Consequently, regulators and pharmaceutical developers have learned more efficient ways to bring safe, efficacious products to patients faster. Digital technology, for instance, accelerated numerous aspects of development including structuring clinical research centers to be faster, organizing sample logistics for near-real-time results, and conducting many research steps in parallel rather than sequentially, while minimizing waste. “We learned a lot about the processes that will change the way we do things forever,” Bourla said.
The world also learned a lot about the power of mRNA technology.
“With mRNA vaccines, we’ve only scratched the surface of what we can demonstrate.” Many researchers now are exploring additional applications. “We will see great things from this technology,” he predicted.
One of the remaining challenges, regarding COVID-19, is overcoming vaccine hesitancy. “That was a consideration from day one,” Bourla recalled.
To do this, Pfizer included a diverse population in the clinical trials and, because the stakes were so high, engaged in unprecedented transparency.
“Before the pandemic, we never made public the detailed trial protocol,” Bourla continued. “We gave it to the regulators.

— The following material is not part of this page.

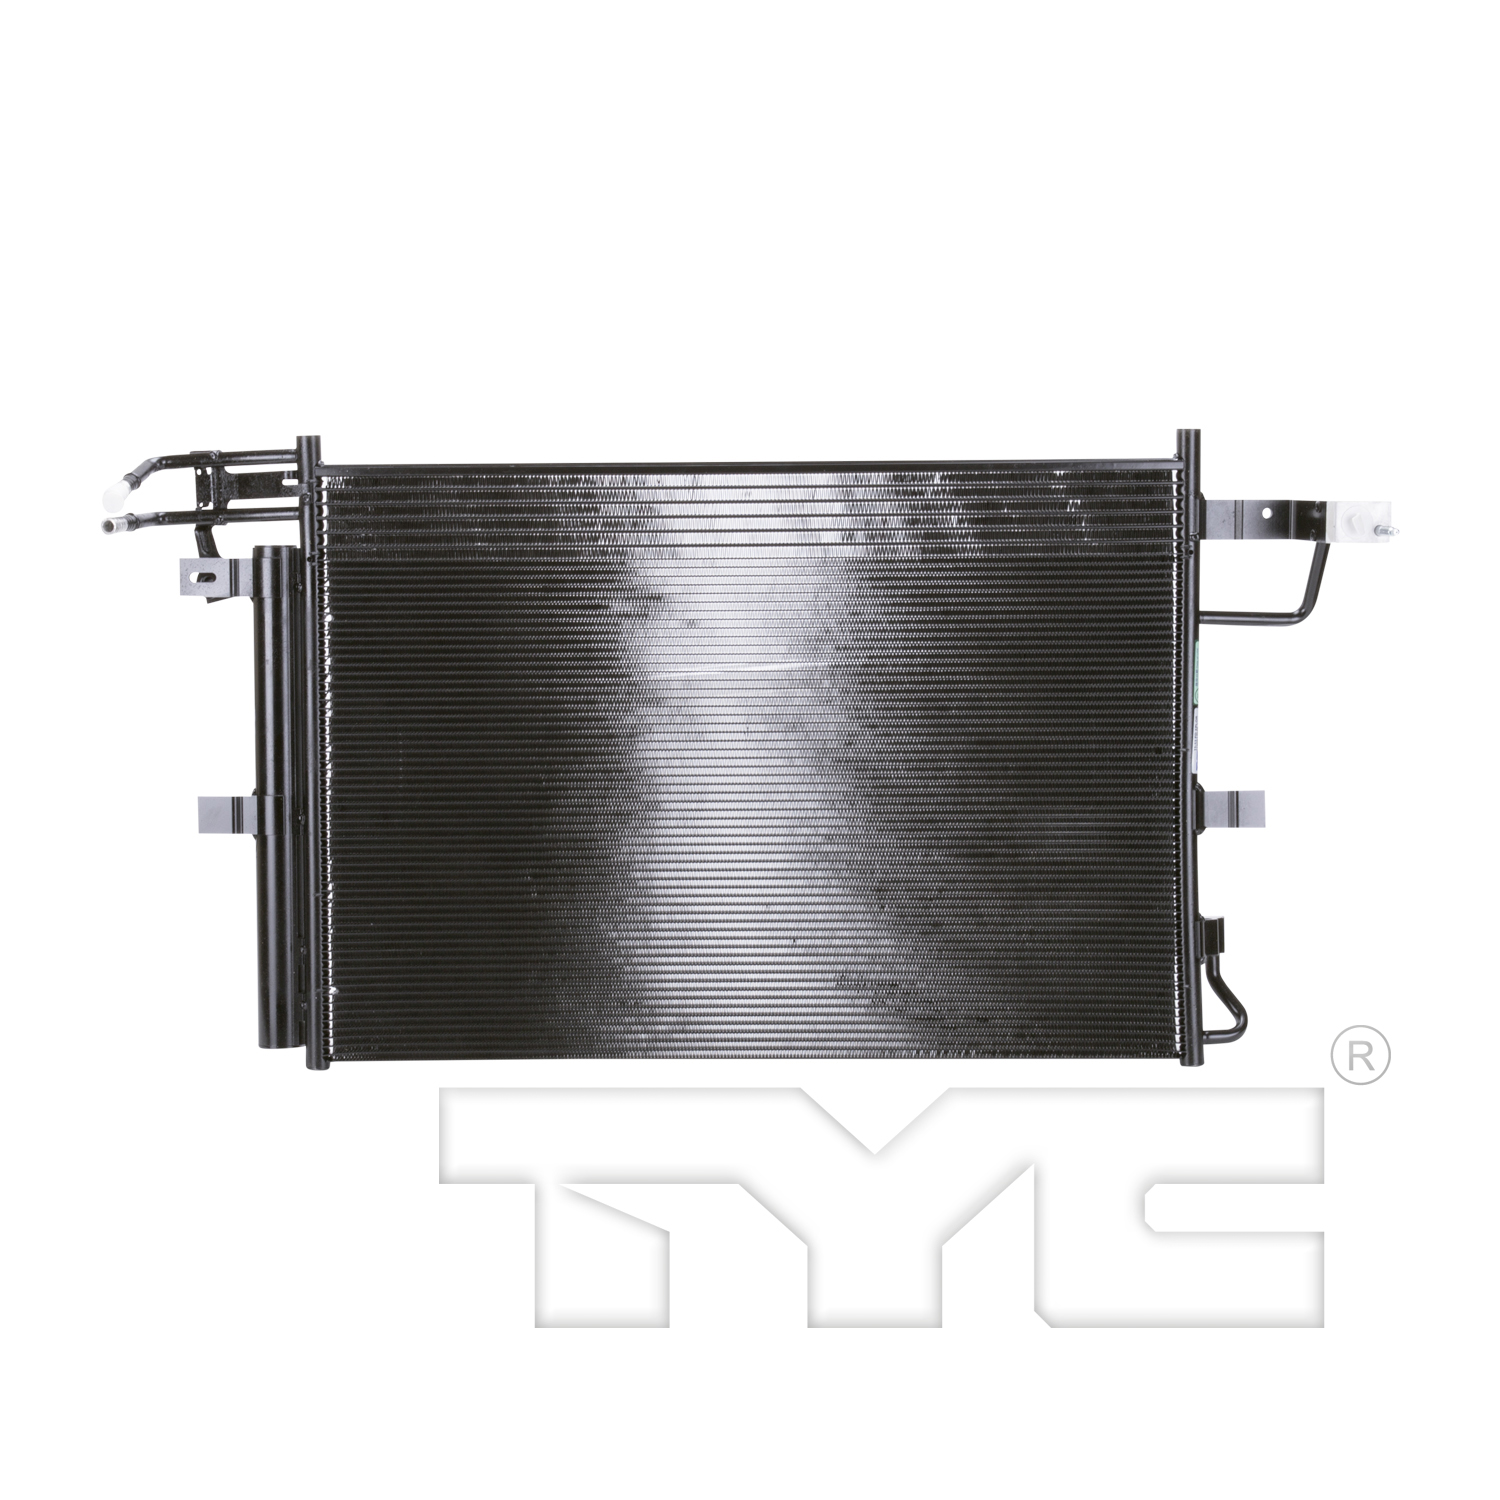 Aftermarket AC CONDENSERS for FORD - EXPLORER, EXPLORER,11-15,Air conditioning condenser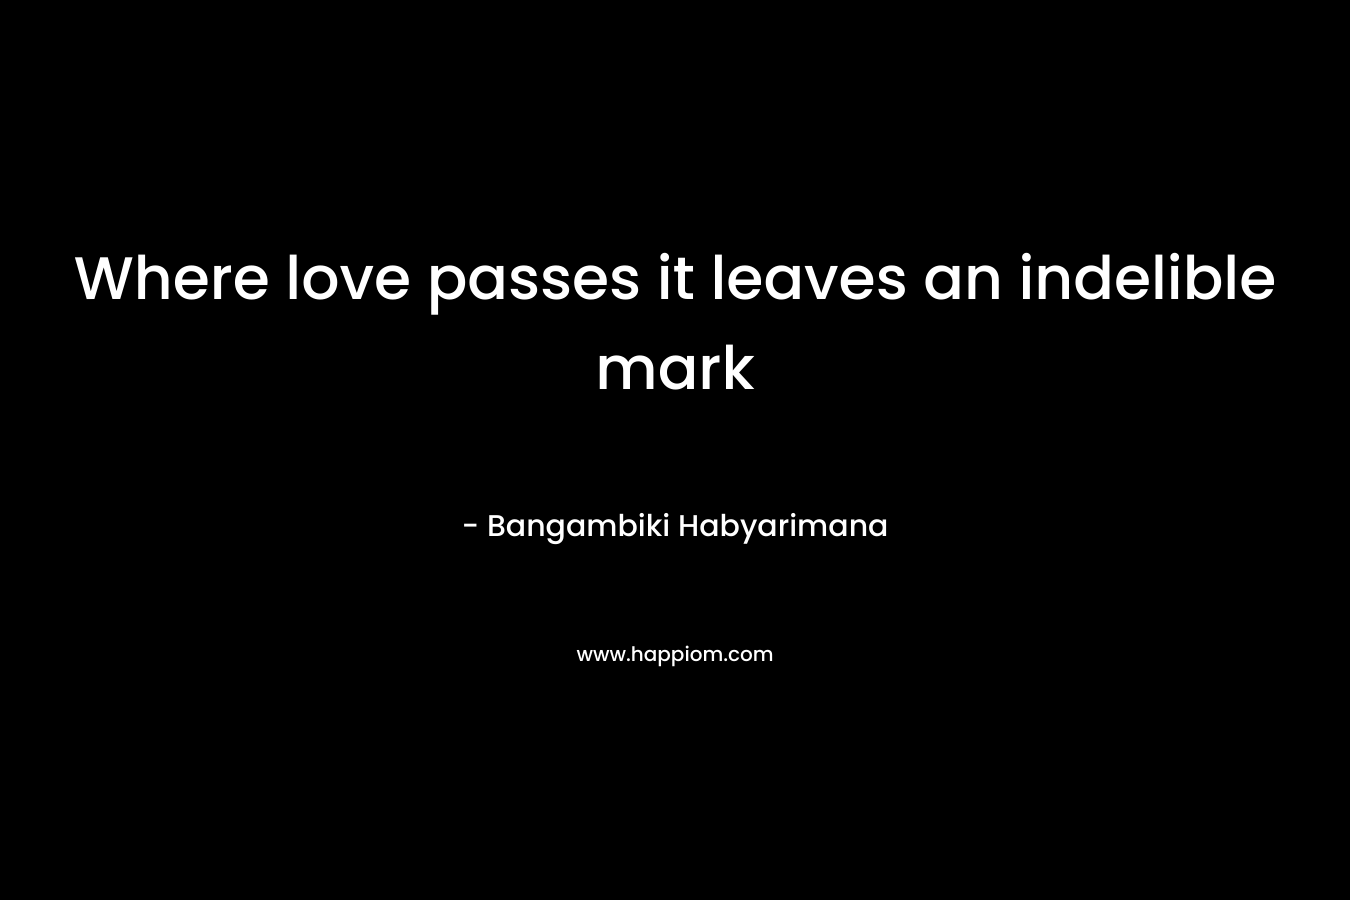 Where love passes it leaves an indelible mark

For the pandemic, though, we did. We wanted everybody to be able to see how we did things. We continued being transparent about everything we faced. We published the preliminary results on a server rather than waiting until we had conclusive results. We considered it a ‘must.’ We put all the information in front of the people as soon as possible.
“At the end of the day,” he said, “it’s not Pfizer that makes the difference (regarding vaccine acceptance), but everyone – politicians, journalists, friends, mothers, community leaders…. The vast majority of people are afraid, and fear isn’t rational…so, this isn’t a data issue.”
Instead, Bourla said, “You need to speak to people’s instincts. They are very good people. Explain that vaccines are taken not only to protect yourself but to protect society. If you succumb to COVID-19, the ones who will be more vulnerable are the ones you love the most, those you hug and kiss in the coming months.
“The last thing we should do is be critical, or challenging or disparaging of these people. They have a real fear.”
In the end, “Science will win,” he said, echoing the theme of the PR campaign Pfizer began during the height of the pandemic. Now, as that is being proven with treatments, vaccines, and diagnostics,
“There is a renewed hope and trust in science – and biological sciences in particular. I see this with leaders and with everyday people,” he said. “There’s a huge trend in terms of young people wanting to work in biotech, because that is what really saved the world. The win of science over the virus will have a lasting impact on people.”